Title: Organic Rice Production: Challenges and Opportunities

item McClung, Anna
item McClung, Anna
item Chen, Ming-Hsuan
item Haney, Richard
item ZHOU, XIN-GEN - Texas Agrilife Research

Submitted to: American Society of Agronomy Meetings
Publication Type: Abstract Only
Publication Acceptance Date: 8/4/2010
Publication Date: 11/3/2010
Citation: Mcclung, A.M., Chen, M., Haney, R.L., Zhou, X. 2010. Organic Rice Production: Challenges and Opportunities. American Society of Agronomy Meetings.

Interpretive Summary:

Technical Abstract: The market demand for organically produced rice has grown steadily with the majority of the acreage now being located in Texas and California.

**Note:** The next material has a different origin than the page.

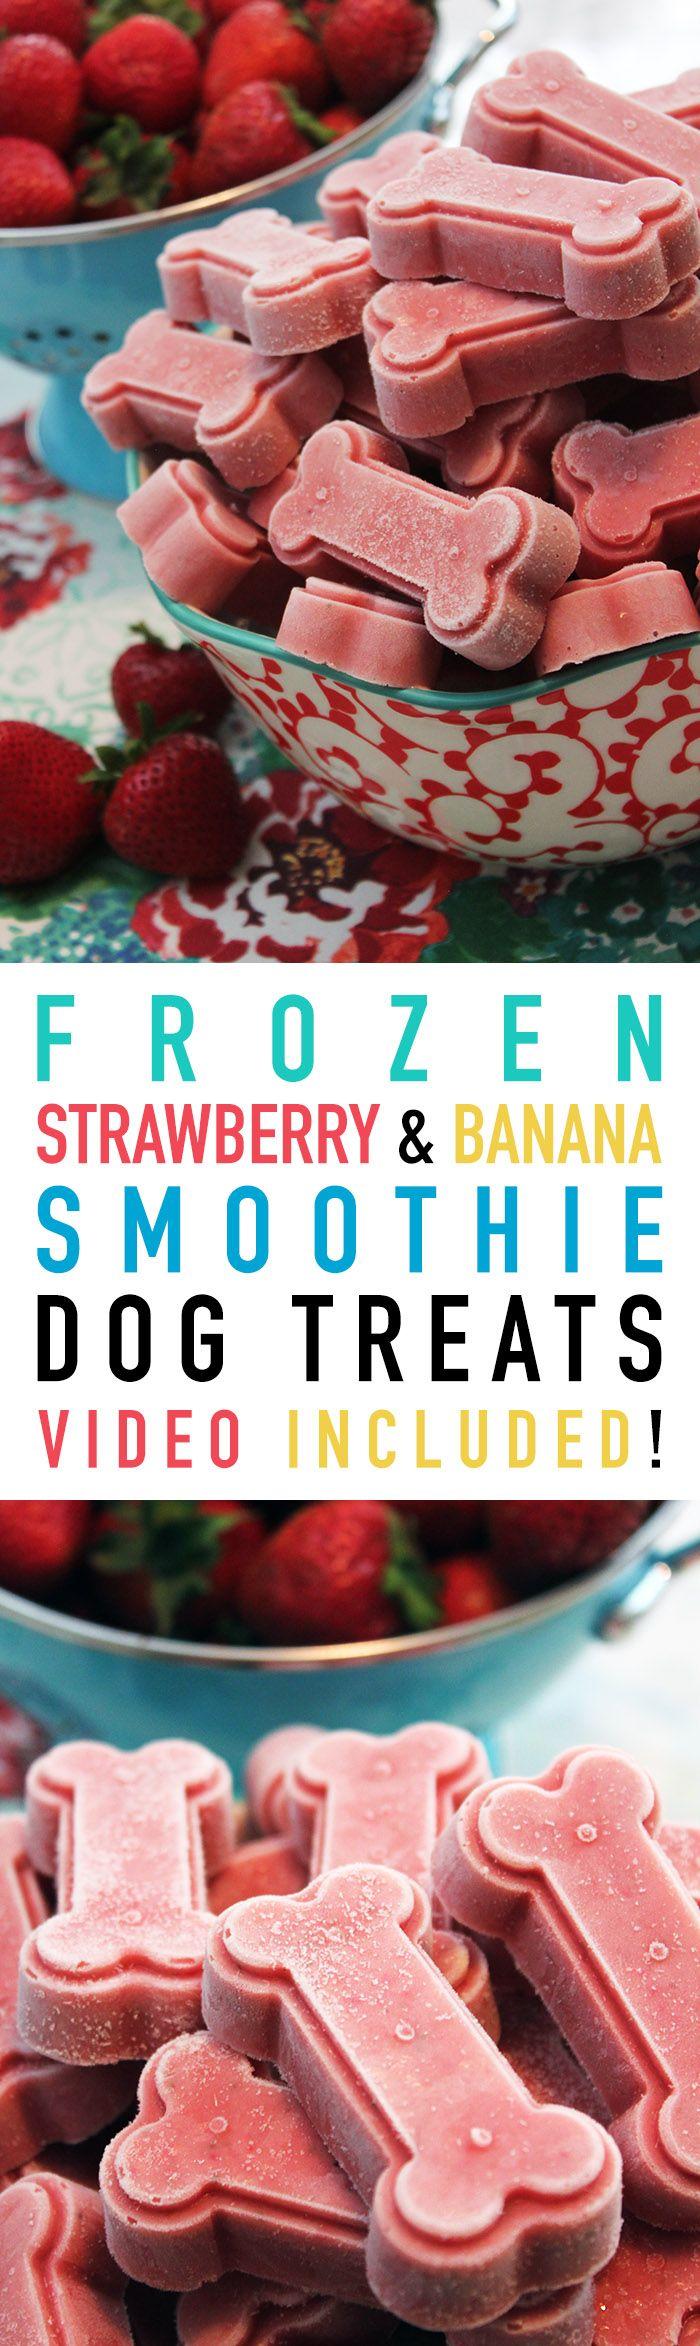 Strawberry Banana Smoothie Frozen Dog Treats | The

A wide range of organic products are marketed including conventional long and medium grain rice, aromatic or scented rice, rice with colored bran, and rice flour. The major constraints facing organic rice production are yield potential and weed control. We have evaluated a number of organic fertility amendments to identify those that are the most effective in increasing rice yield. We have observed that organically produced rice is more vulnerable to infection by foliar pathogens like Bipolaris oryzae causing brown spot and Cercospora janseana causing narrow brown leaf spot than conventionally produced rice. This may be partially due to nitrogen deficiency as a result of using slow release organic fertilizers. Developing organic cropping systems which enhance soil nutrient quality may be a means for improving yield under organic management as well as improving foliar disease control. To this end, we have evaluated several rotational crops and green manure crops including black oats, sorghum-sudangrass, soybeans, clover, ryegrass, cowpeas, and cereal rye, to determine their impact on soil fertility and weed control. In addition we have evaluated a wide range of rice cultivars that differ in agronomic and grain quality traits under both conventional and organic systems. The objective was to determine the genotype by management interaction on yield potential, milling quality, and grain nutrient composition. Results will be presented describing organic production variables that have the greatest potential for enhancing rice crop value.